# All natural Pumpkin Soap - Help



## SeaGoat (Aug 17, 2012)

I'd like to use pumpkin puree to make some soap.
I'd also like it to smell like a traditional pumpkin pie/spice/type scent - with all natural. 

Is there a way to use the actual spices (cover, ginger, nutmeg, etc) instead of investing in all those essential oils to create the scent? 


When I use the pumpkin puree will the color hold up? 


Anyone have experience?


----------



## NostalgicGranny (Aug 22, 2007)

The color didn't hold up in mine it got darker and wound up looking like the pie and not the puree. I added regular pie spices and the scent did not hold up at all even though I do hot process (crock pot) and added after the cook.

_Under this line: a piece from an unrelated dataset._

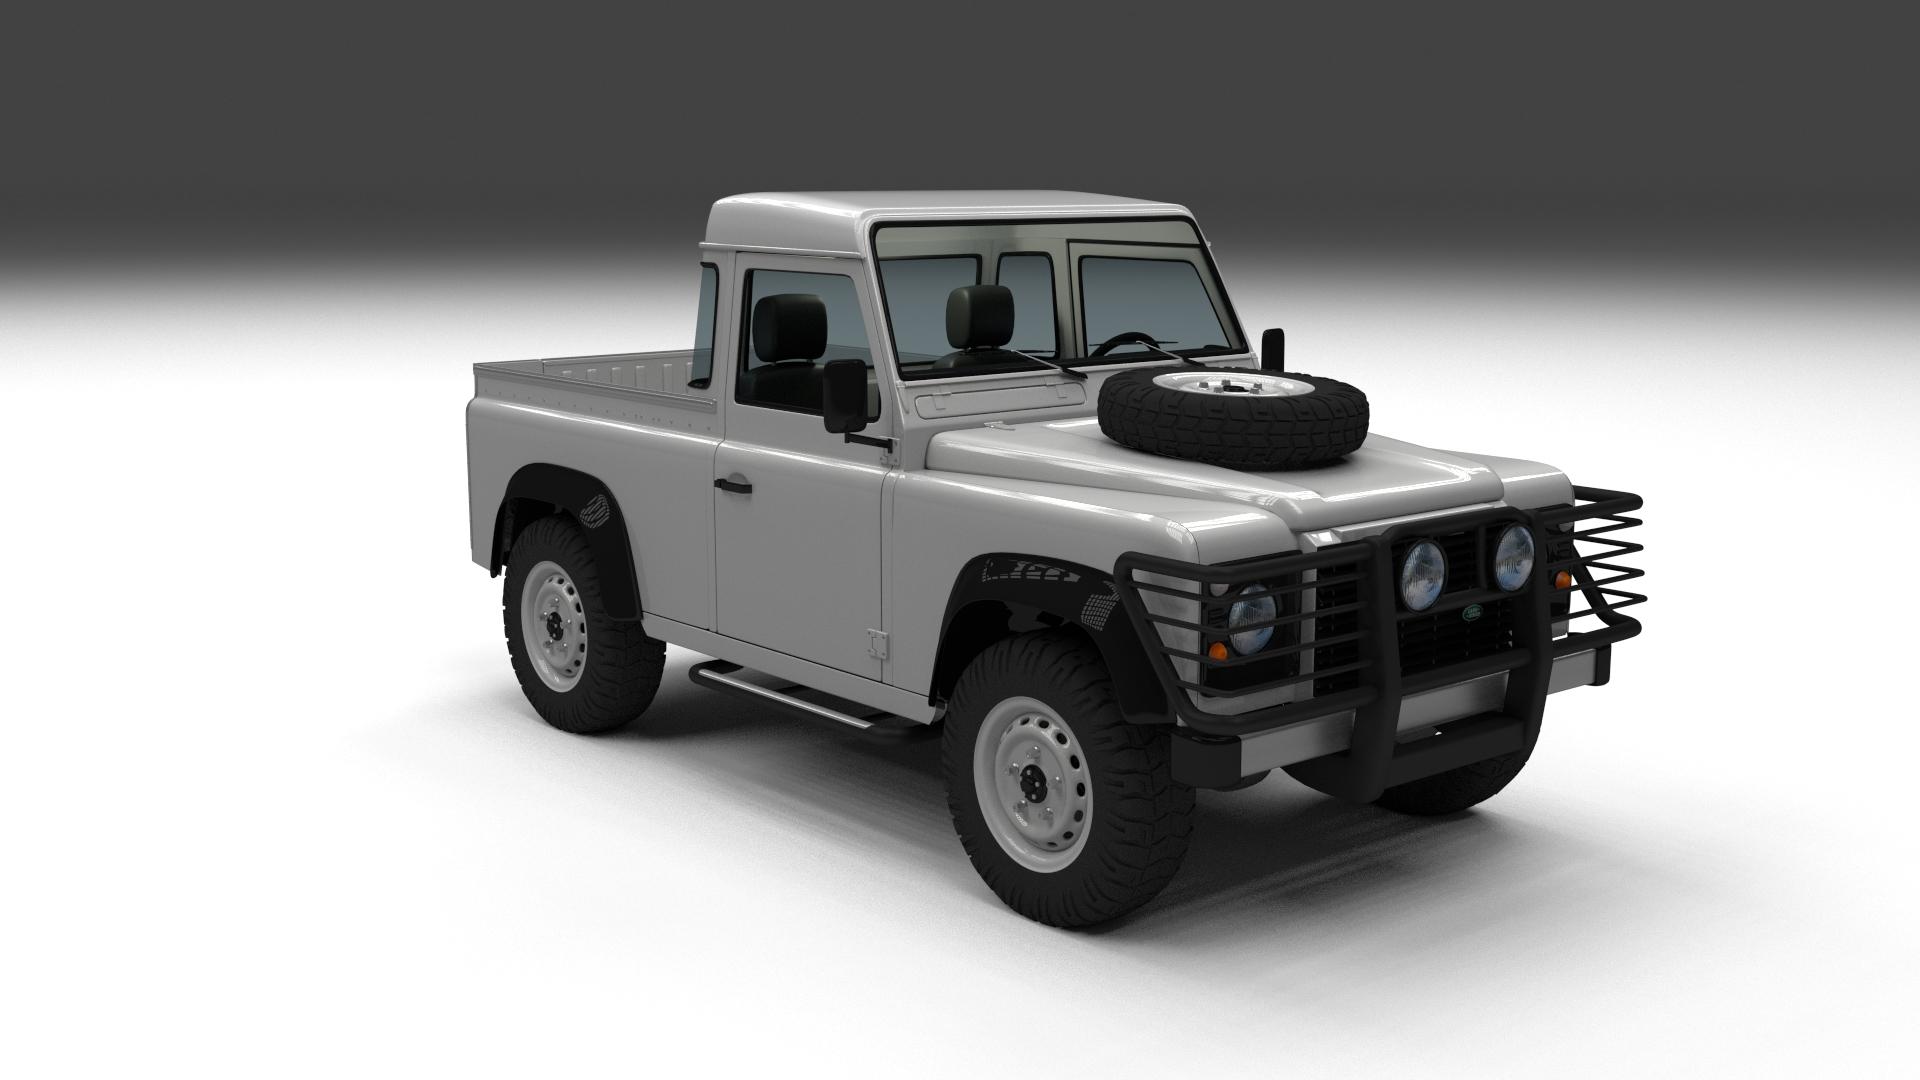 full land rover defender 90 pick up 3d model. Black Bedroom Furniture Sets. Home Design Ideas

Which means the lye was done doing it's thing and did not effect the spices at all. 

If you are doing HP or Crockpot HP slightly warm your puree before putting it in to avoid having your batter get shocked by the puree. I dissolved my lye in 1/2 the amount of water called for and used the puree instead of the other half of the water after the batter had cooked. Because the scent did not hold up I rebatched it and added a spiced pumpkin fragrance oil that I bought from Bramble Berry Soap making supplies. 

I don't do CP right now and don't have much experience with that. Maybe a CP-er can chime in with how it is done in cp.


----------



## SeaGoat (Aug 17, 2012)

Thanks for your info! 
How did the spices look in the soap?


----------



## NostalgicGranny (Aug 22, 2007)

I saw a minimal amount of specks in the finished soap but I could 'feel' the spices which I wasn't expecting.


----------